The processed NMR data were then imported to the SIMCA-P 14.1 software package (Umetric, Sweden) and visualized by multivariate statistical analysis. Principal component analysis (PCA) was performed using the mean-centered NMR data to differentiate each group. Orthogonal partial least squares discriminate analysis (OPLS-DA) was utilized to reveal the difference between two groups. To avoid overinterpreting, only two principal components were calculated for the models with the obtained R2 and Q2 values as initial indicators of model quality. The validity of the models against overfitting was assessed by the parameter R2, and the predictive ability was described by Q2. All of the OPLS-DA models were cross-validated using a 200-time permutation and evaluated by 7-fold cross-validation and further ensured with analysis of variance coefficient of variation (CV-ANOVA) with p < 0.05 considered as valid. The selection of significant metabolites was based on the correlation-scaled predictive loading vector with a cutoff of |p(corr)| = 0.5 and the variable importance of the projection greater than 1.5 (VIP > 1.5).
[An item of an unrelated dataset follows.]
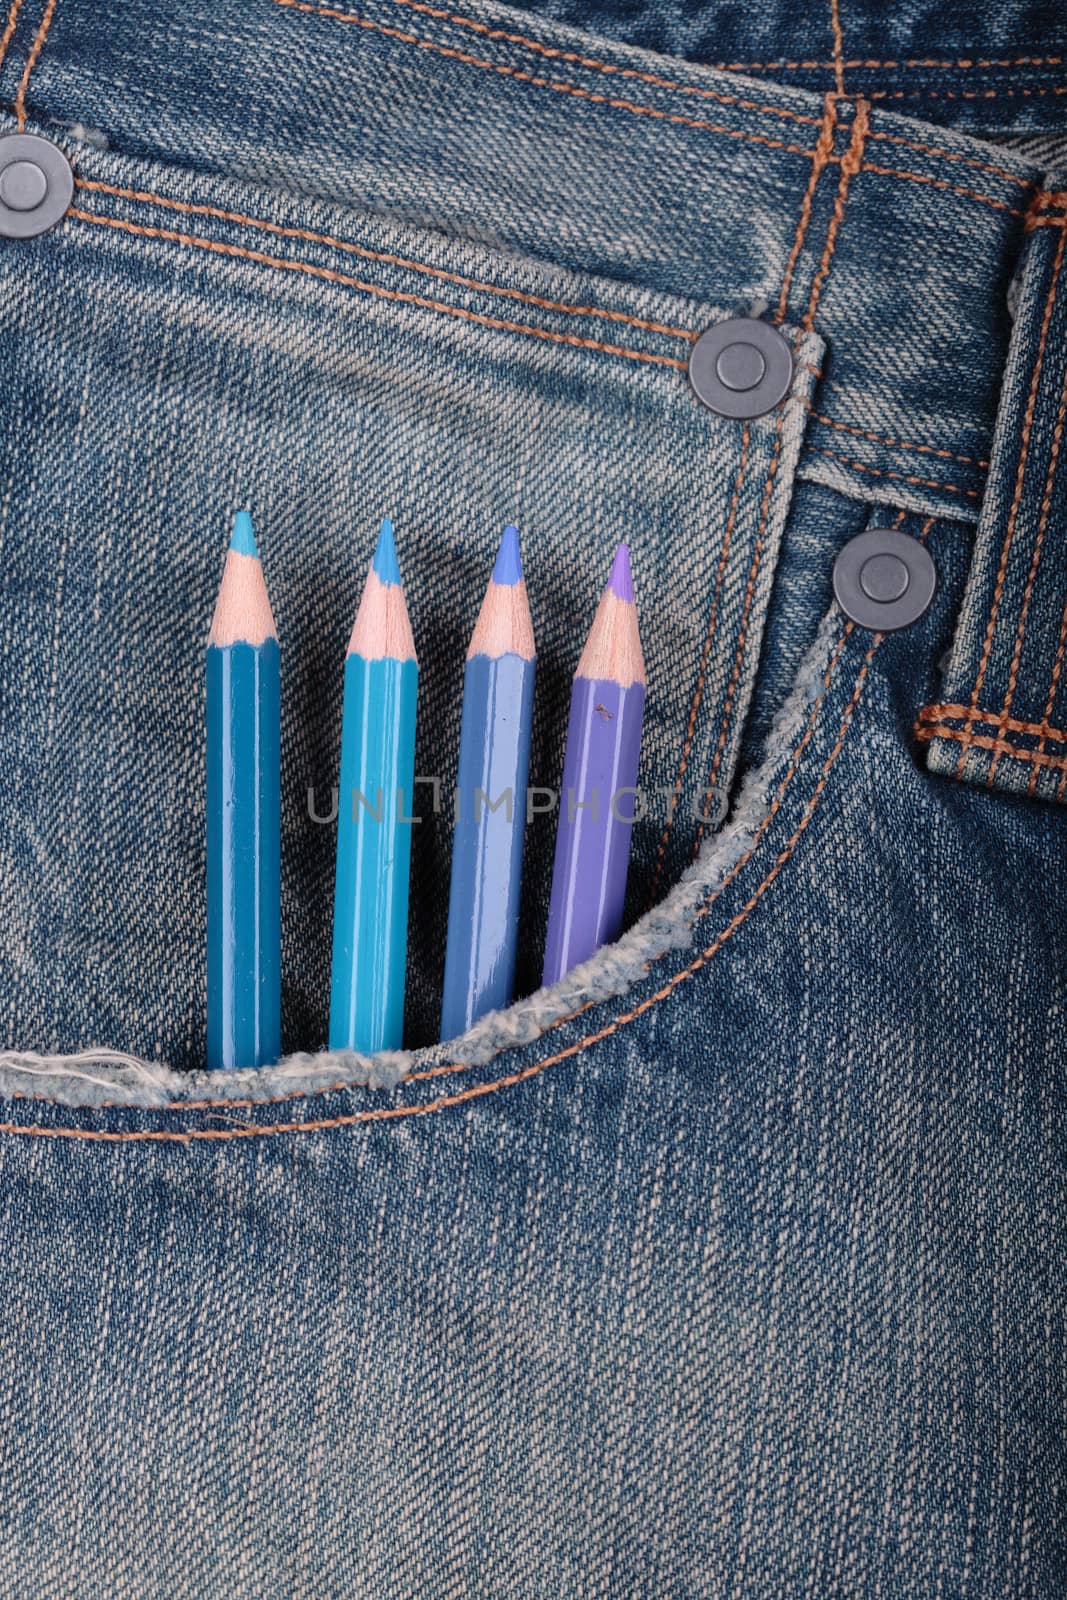 four blue pencils on a jeans pocket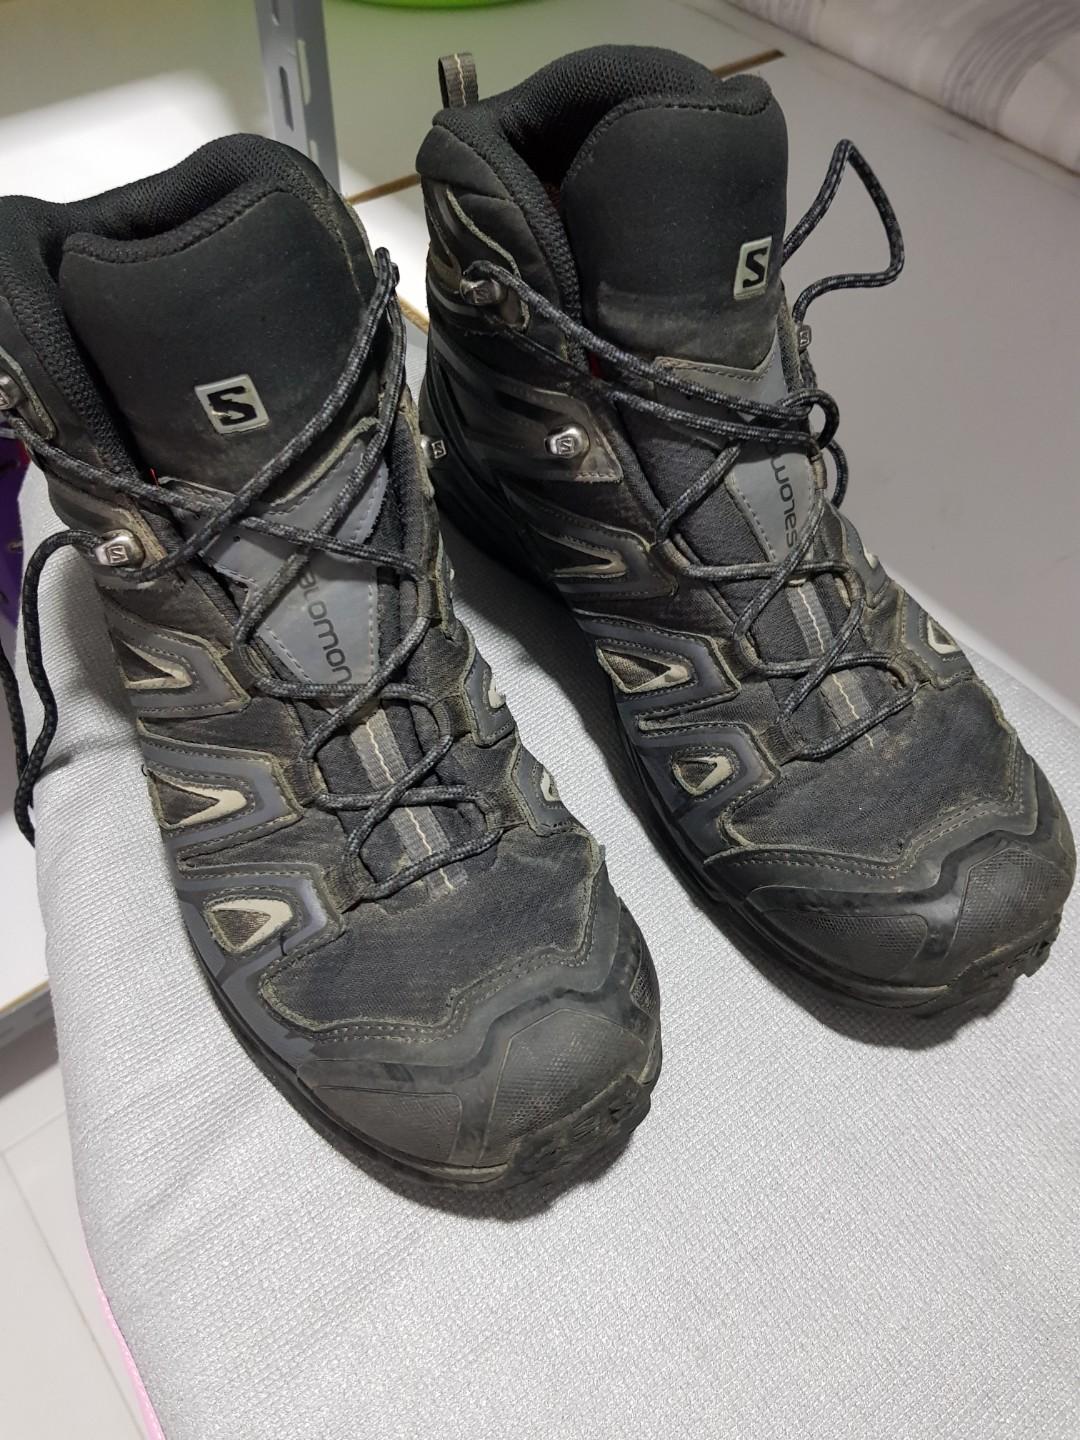 salomon men's x ultra 3 mid gtx hiking boot

The heatmap and pathway impact analysis were made by the online MetaboAnalyst 4.0 software package (www.metaboanalyst.ca). The heatmap provides an intuitive visualization of a data table, where each cell was color-coded with the mean value of metabolite NMR signal intensities within one group to reveal a significant change in metabolite concentration at different groups. Pathway impact analysis was determined using the hypergeometric test and relative betweenness centrality to analyze the concentration with high sensitivity for identifying subtle metabolic changes involved in the same biological pathway.